*** Exercise input Section Begins ***
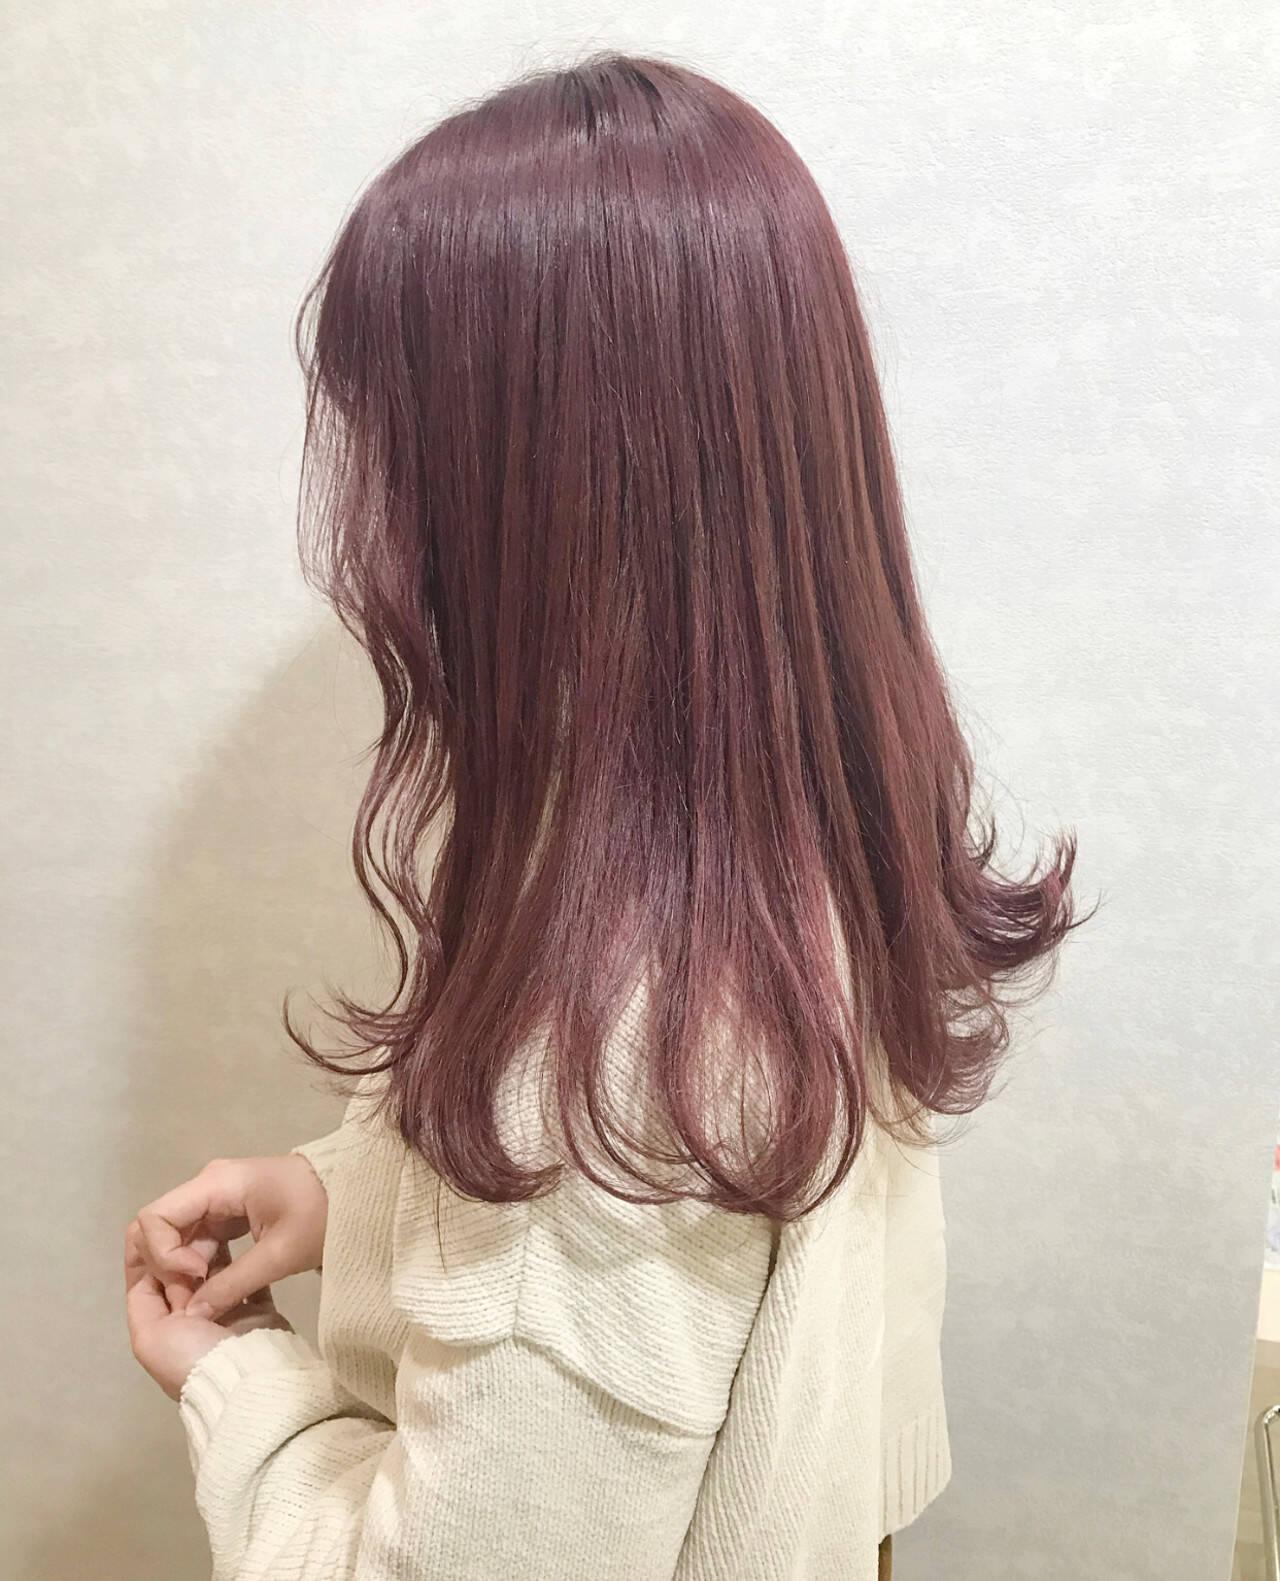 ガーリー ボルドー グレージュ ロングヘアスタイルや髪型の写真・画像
*** Exercise input Section Ends ***
*** Exercise input Section Begins ***
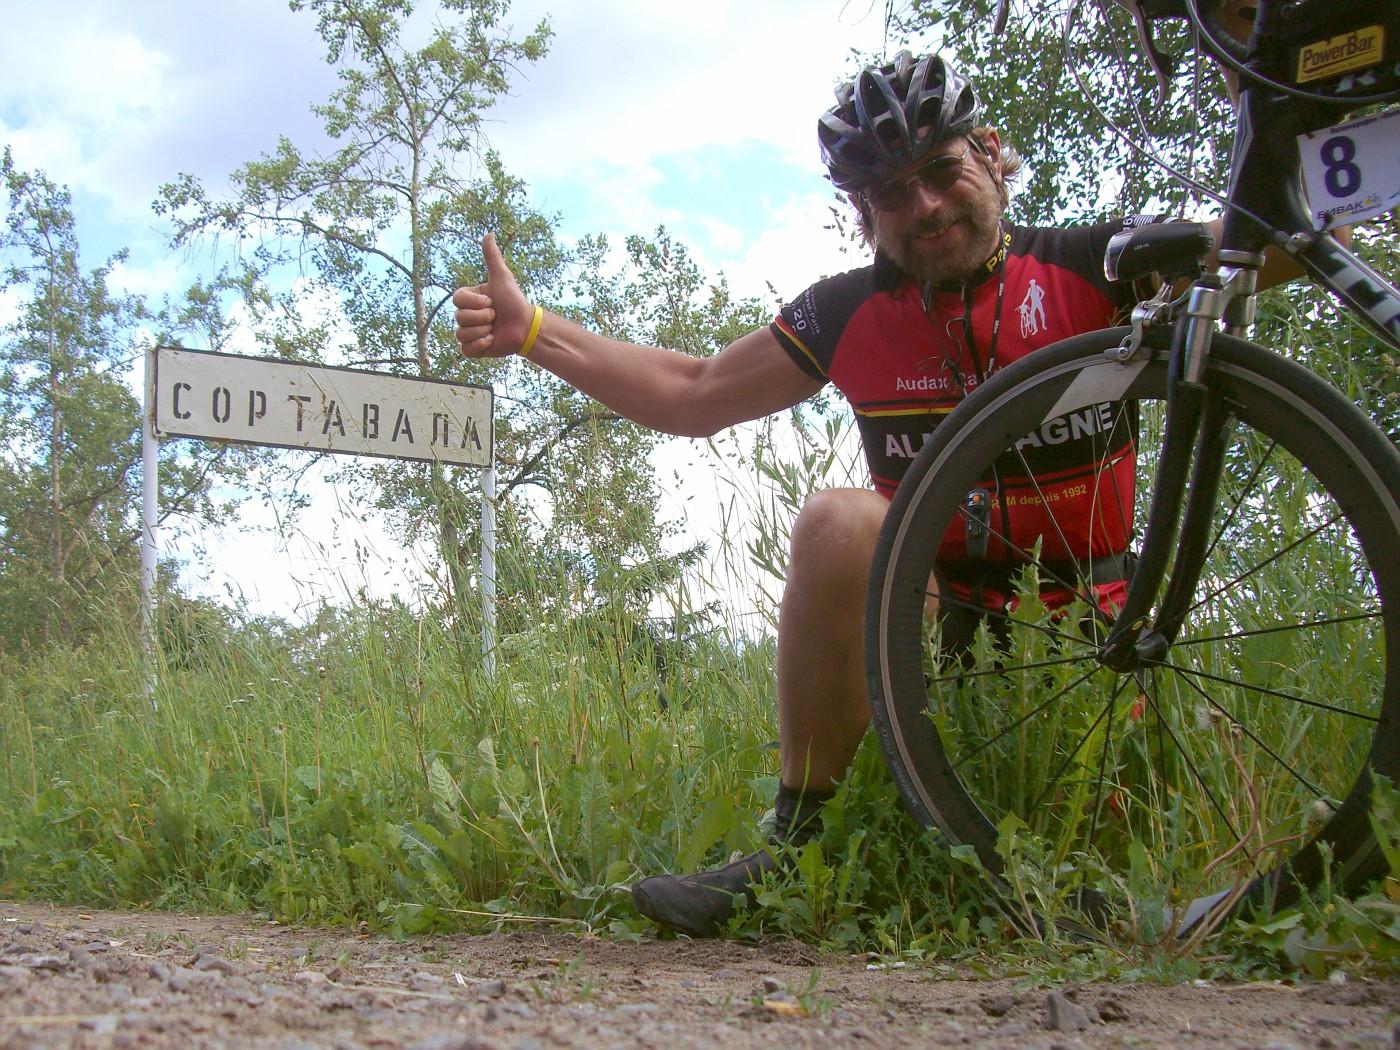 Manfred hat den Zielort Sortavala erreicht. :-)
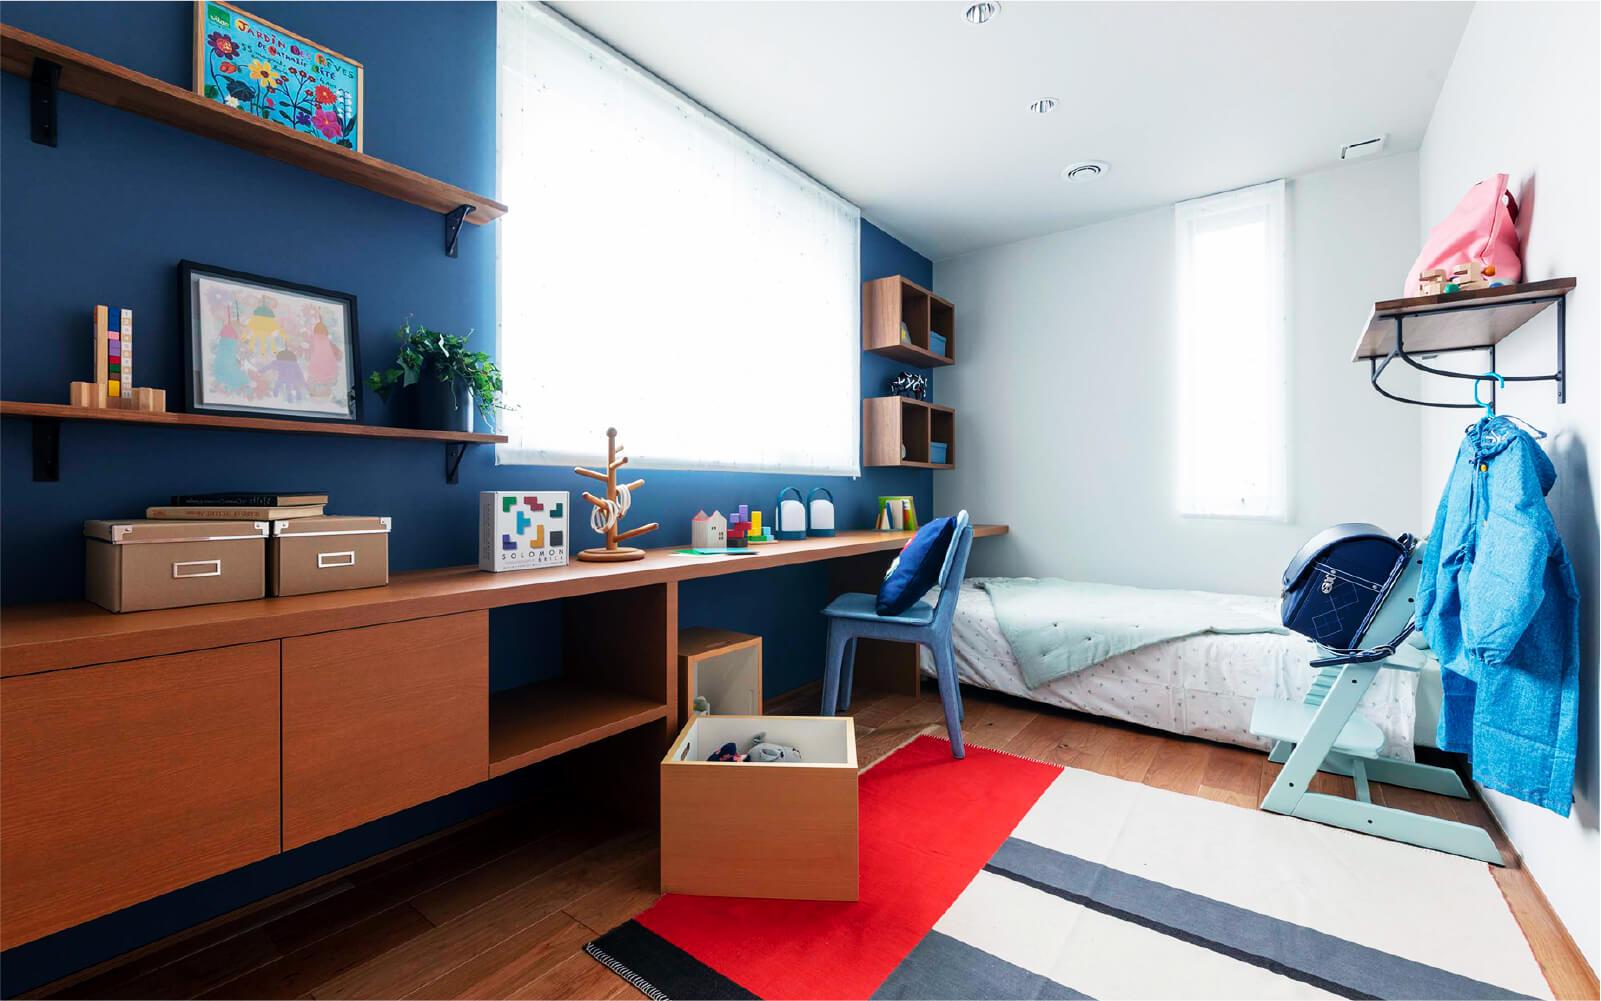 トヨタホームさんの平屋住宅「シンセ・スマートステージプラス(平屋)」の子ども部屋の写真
*** Exercise input Section Ends ***
The result should be an exact copy of only the lines above from the one that holds "Manfred hat den" through the one that holds "トヨタホームさんの平屋住宅「", both ends included, without pictures.

* [Result for this exercise]:
 Manfred hat den Zielort Sortavala erreicht. :-)
 トヨタホームさんの平屋住宅「シンセ・スマートステージプラス(平屋)」の子ども部屋の写真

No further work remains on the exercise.